Daniel Athior Atem Manyuon, MINDS Scholar – South Sudan

July 2018

For generations, Africa has faced numerous social, political and economic challenges. These endemic problems range from abject poverty, violence, underutilise agriculture, infrastructure, lack of access to credit facilities, social fractionalisation, poor health facilities, poor education to catastrophic civil unrest; which are linked to illiteracy, lack of proper institution and exploitation by corrupt and brutal leaders. These block African from encountering and supporting sustainable development and recovery of Africa. When these gaps are addressed, many opportunities will open for the youth like entrepreneurship, which shall, in turn, create millions of employments and solve the problem of transitioning to the risk of unemployment.

Access to Capital

African’s financial system is not well established. Most of the financial institutions in the continent are foreign-owned that denied credit services to the local population due to their inability to match up the high transaction costs, difficulty in assessing and managing their risk profiles, lack of the required financial documentation as well as lack of collateral. If the countries could provide the supportive capacity to the African people, that could have equipped them enough to start their initiative of choice like a microfinance institution; an institution that will not only facilitate modernisation of the economy, but also help small business owners and farmers get access to capital through micro-financing.

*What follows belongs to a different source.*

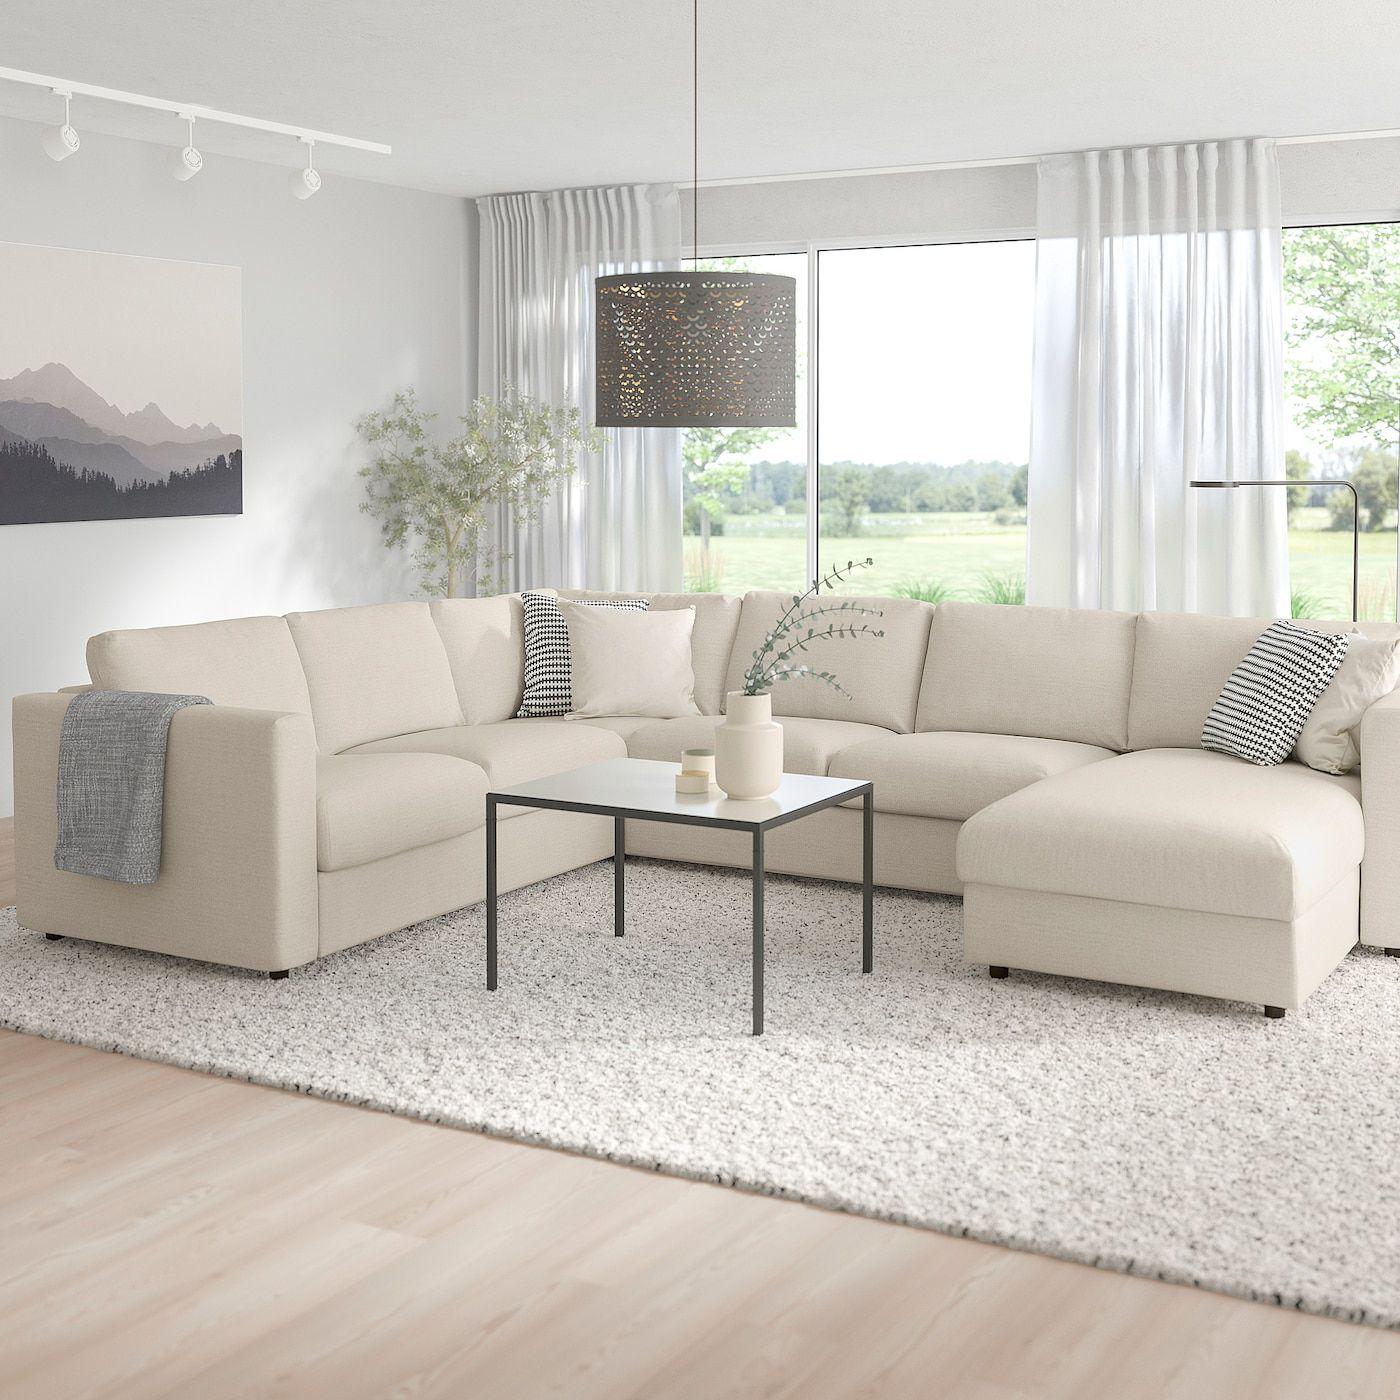 Ikea Vimle Corner Sofabed W Chaise With Chaise Gunnared Beige Bequemes Sofa Sofa Gemütliches Sofa

Besides supporting small businesses, the institution can create jobs. Rampant unemployment plays a huge role in instability in most African countries, South Sudan, Congo, Somali to mention few. Jobless youths fall vulnerable to recruitment by warlords, who use them to achieve their political ambitions. An employed youth cannot leave his/her decent job for a dangerous undertaking such as militancy.

Infrastructure development drives economic transformation

It is accepted that infrastructure development is critical to Africa’s economic transformation. The growth of the continent happens with the availability of adequate infrastructure. Many African countries still have insufficiency of state-owned infrastructure facilities, and that should’ve to lead to an effective contribution to the generation of revenue for the government that could be injected in the public activities.  This necessitates for the state’s government to provide adequate facilities to the public, local and foreign private sector firms to promote rapid achievement of sustainable economic growth through Intra-Africa trade and investment.

Turning Resources into Continental Prosperity

Africa potentiality lies in it fertile land, water full of fishing as well as other water-natural resources, that can help its citizens, in its knowledge and markets transformation. With Africa recognising it natural resource opportunity, agriculture could be significant pillars to the transformation of Africa economic and development, this can contribute to the continent major priorities such as eradicating of poverty and hunger in the region, boosting intra- Africa trade and investment, sustainable resources, promotion of industrialisation, creating jobs, human security, environmental management, and continent prosperity.

Energy security and other national resource are keys important to Africa development. Providing energy system to Africa rural household especially kerosene remains a major challenge due to the cost of electrifies infrastructure. Investment in a renewable energy project in Africa can increases insufficient, this believed that there is vast untapped natural gas in Africa with significant hydroelectric power potential.  However, numerous challenges for investors in funding project in Africa remain constant insufficient regulatory framework and social fractionalisation. This needs a government to essentialise for private sector investment in energy projects to reduce and solve a developmental challenge.

Poor governance and institutional accountability, it is an easy fix. Electing leaders with the capacity to deliver on the aspirations of Africa should suffice. One of the reasons many African countries end up with bad leaders is a blind support of a candidate simply because of ethnic affiliation. It can be solved by sensitising Africa’s youth on the consequences of their choices as well as encouraging them to shun sectarianism.  Strong institutions created in the will of its citizens, they can push forward true leadership, democratic governance and unity for Africa.

Technology a Driver of Growth and Productivity

Africa has the advantage of being able to leapfrog directly to use the latest technology. It is estimated that more Africans have access to mobile phones than to clean water and electricity, (World Bank, 2011). Although costs remain high, Africa’s Internet infrastructure capacity has increased tenfold since 2006 and the entire continent now has access to undersea fibre optic cables.

African countries should begin to be partners to other developed countries in an enhancing conceptualisation, implementation, monitoring and evaluation of developmental policies and programmes like agricultural productivities and strengthening financial institution; not economic slaves. Most of the African countries tend to borrow from other countries more than they produce. By so doing, they end up burdened by debt; and usually, creditors use this leverage to influence the countries’ policies on their favor. Such dependence interferes with the sovereignty of a country.

Finally, Africa should leverage science and technology to catalyze faster economic growth. Technologically advancement is correlated to the high rate of development—something that could easily be seen in the rapid development in countries such as Singapore, South Korea, Malaysia, et cetera.